Very kind of you, Adrian, to characterise my analysis as you do, but I can't live up to it here because I've never spent much time in the poetic company of Mr Cummings.


It's not, as you might imagine, because I'm irritated by the deviation from grammatical accuracy, though. Poetry is always about breaking rules in order to create meaning and all poetry, in a way, defines itself by the manner in which it conflicts with the expected. Even the most conventional of poems deviates from the normal use of language through the artificial structures of rhythm, line arrangement and so on.


Cummings isn't simply being gimmicky, either, because there's a consisitent rationale behind what he does and a valid exploration of the power to create meaning through his breaks from the conventions of punctuation, syntax, capitalisation etc..

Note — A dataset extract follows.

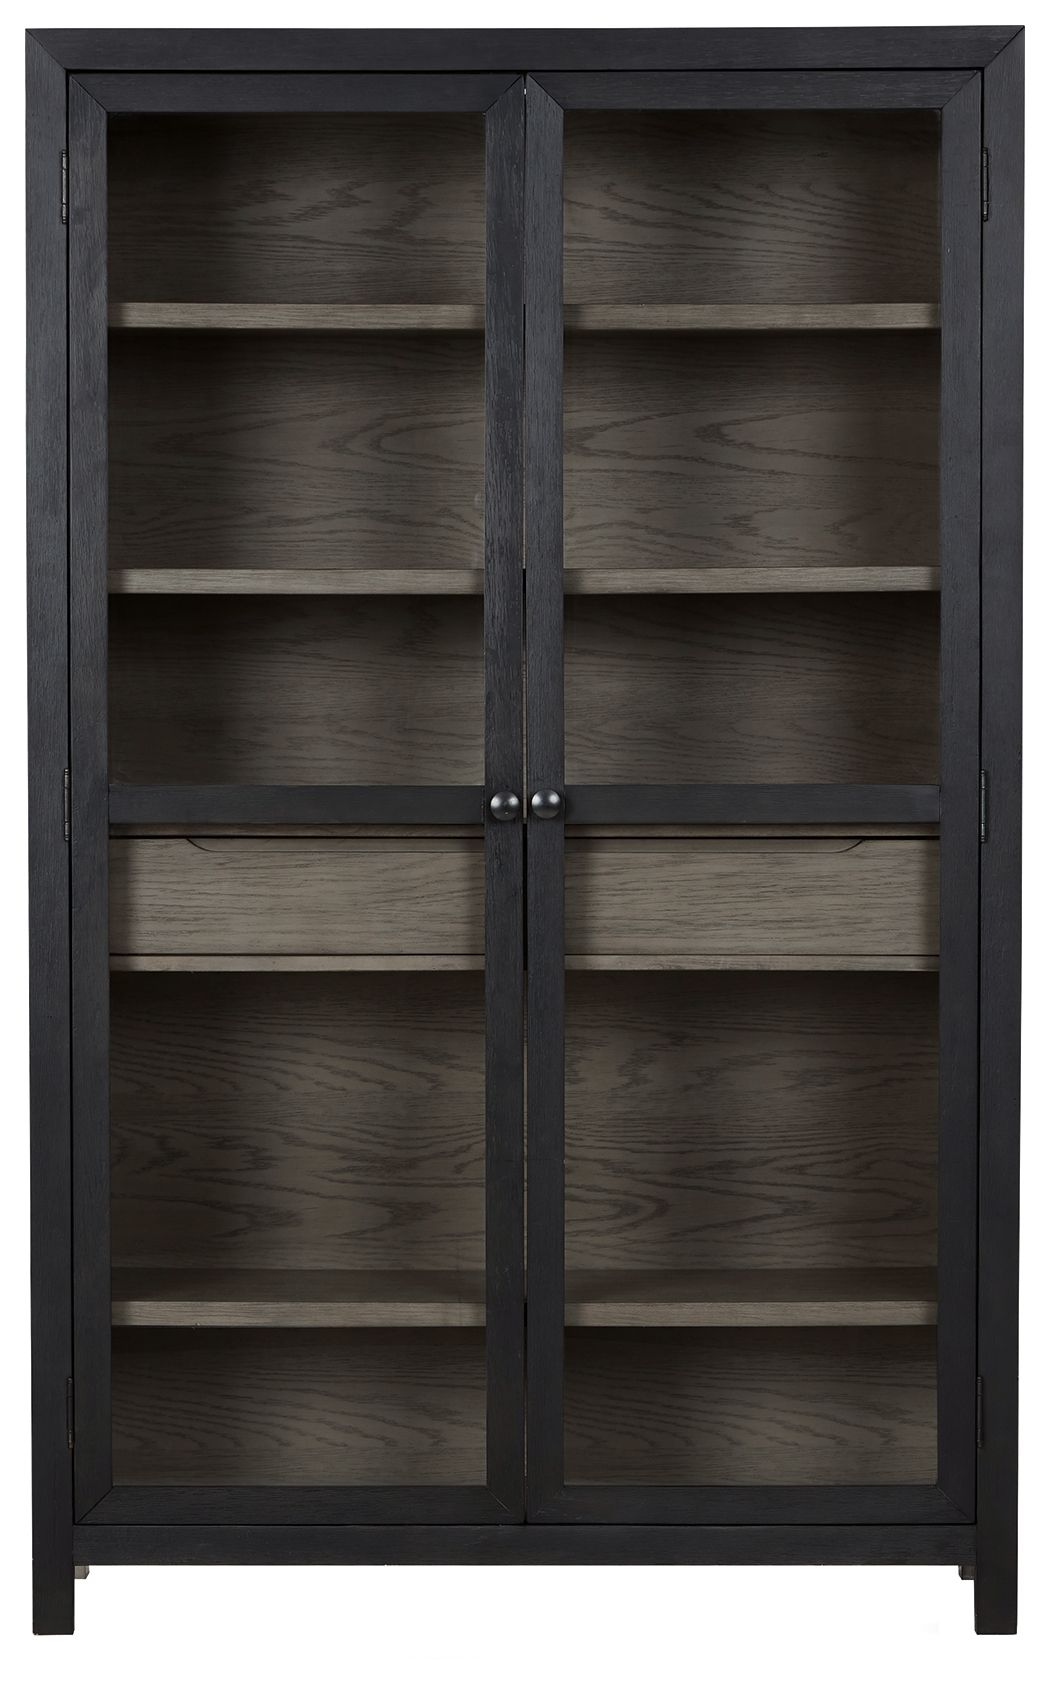 Lenston - Accent Cabinet - Tony's Home Furnishings

It's just that it doesn't really do a lot for me! It's possible that I simply haven't looked at enough of his work, but I find the self-conscious form rather distracting from an organic sense of depth, as if it almost trivialises the meaning. Also the subject matter, ironically, is often a bit too 'prosaic'. I suspect that's his point because it creates a clear juxtaposition with his anti-artful art!


I guess I simply prefer poetry that plays with meaning fundamentally through words rather than the technicalities of expression. What he does is perfectly valid, but it sinks rather than floats my particular poetic boat.